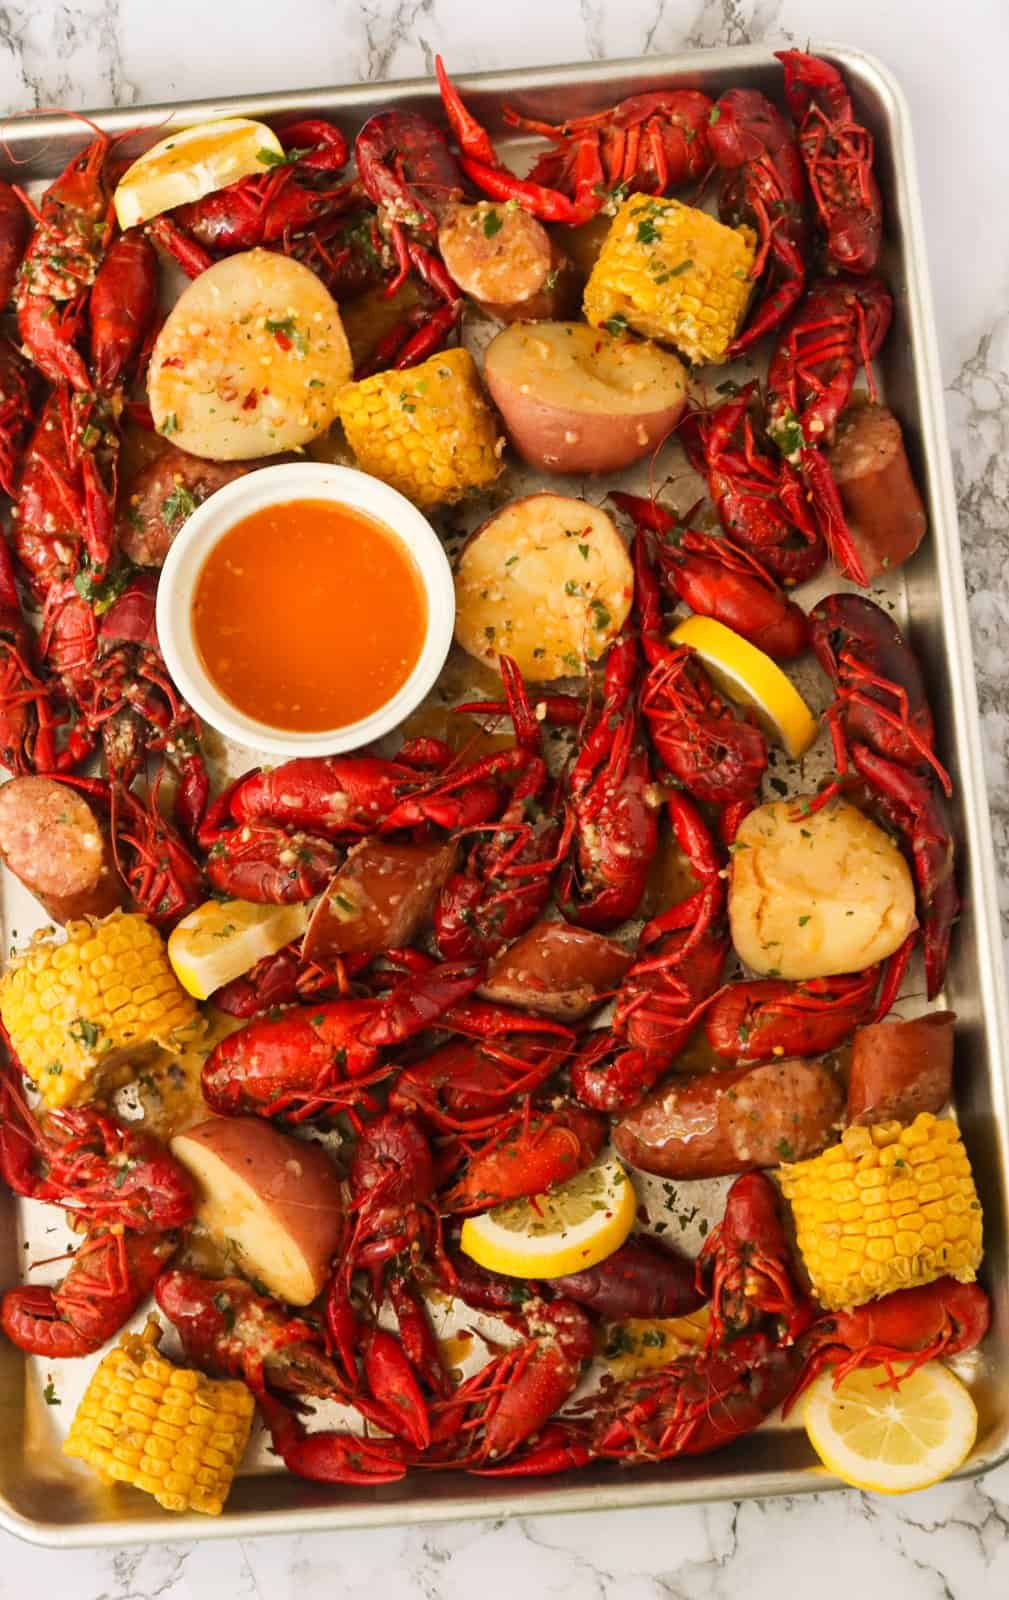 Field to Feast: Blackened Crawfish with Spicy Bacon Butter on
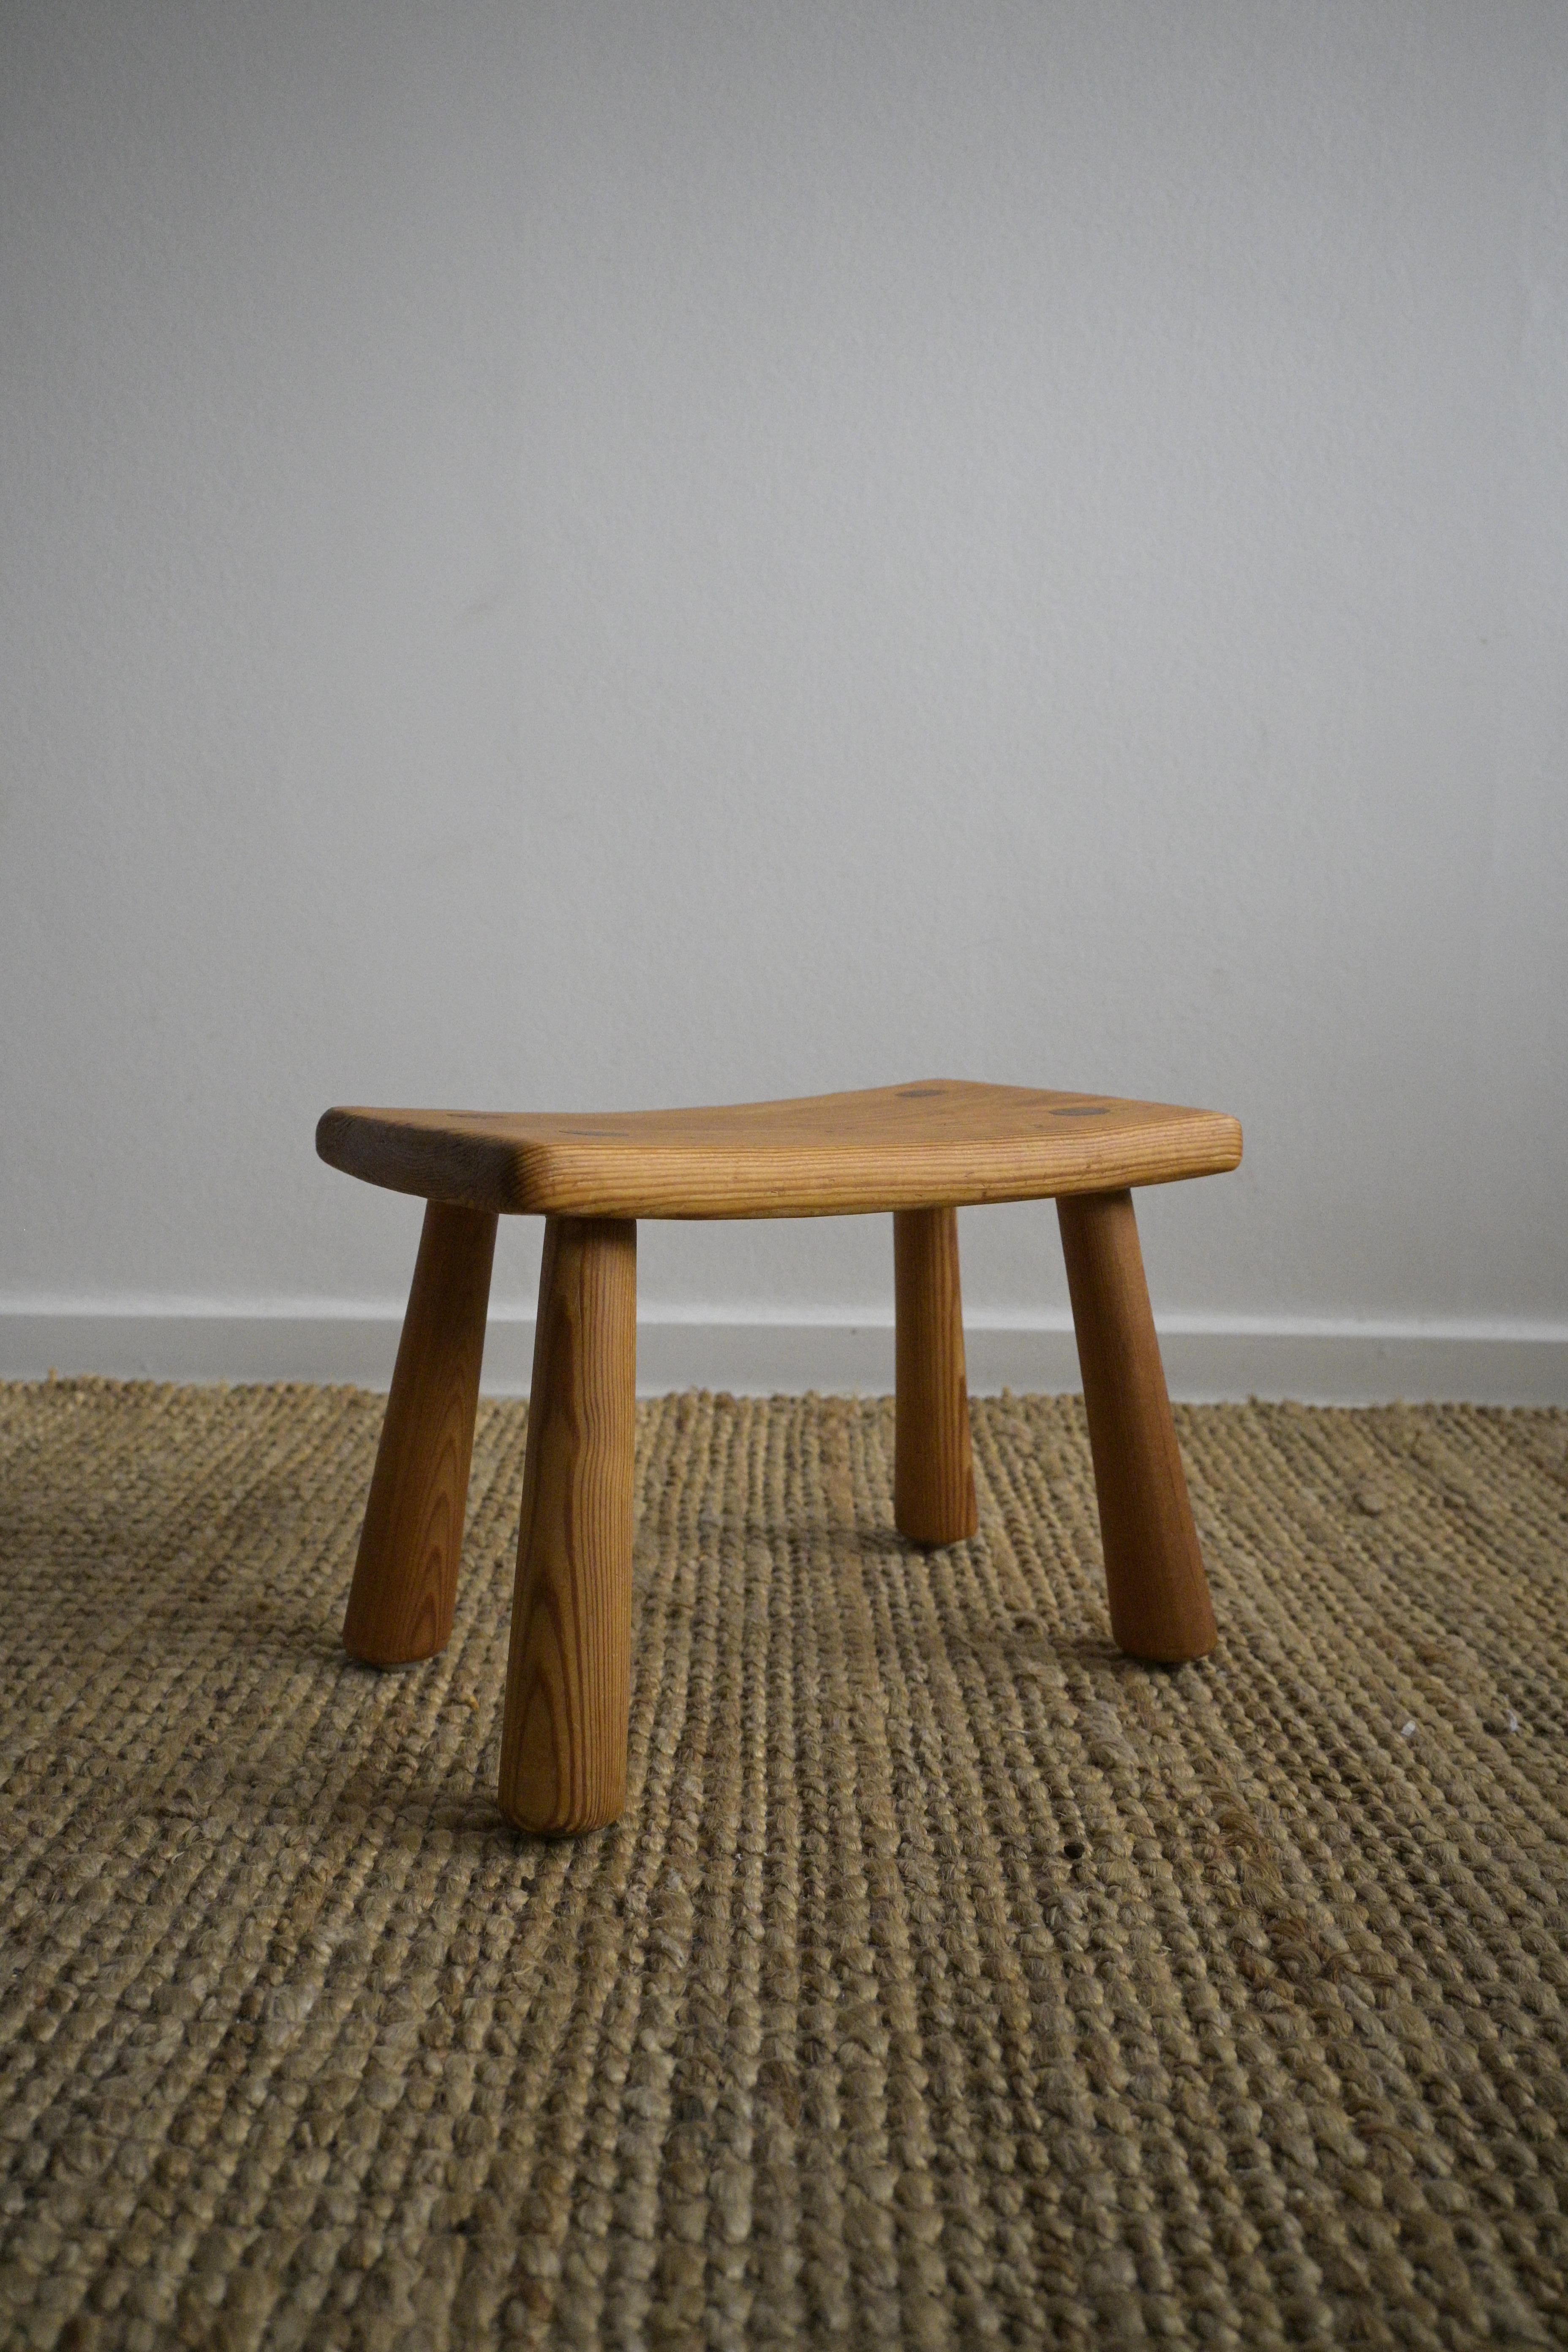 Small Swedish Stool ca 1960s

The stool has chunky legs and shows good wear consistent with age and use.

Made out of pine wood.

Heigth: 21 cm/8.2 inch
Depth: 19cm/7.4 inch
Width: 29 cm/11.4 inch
────────────────────
▶ Exercise
From the first line of the material to the last, retype everything exactly except the images.

▶ Solution for this task
 Field to Feast: Blackened Crawfish with Spicy Bacon Butter on
 Small Swedish Stool ca 1960s

The stool has chunky legs and shows good wear consistent with age and use.

Made out of pine wood.

Heigth: 21 cm/8.2 inch
Depth: 19cm/7.4 inch
Width: 29 cm/11.4 inch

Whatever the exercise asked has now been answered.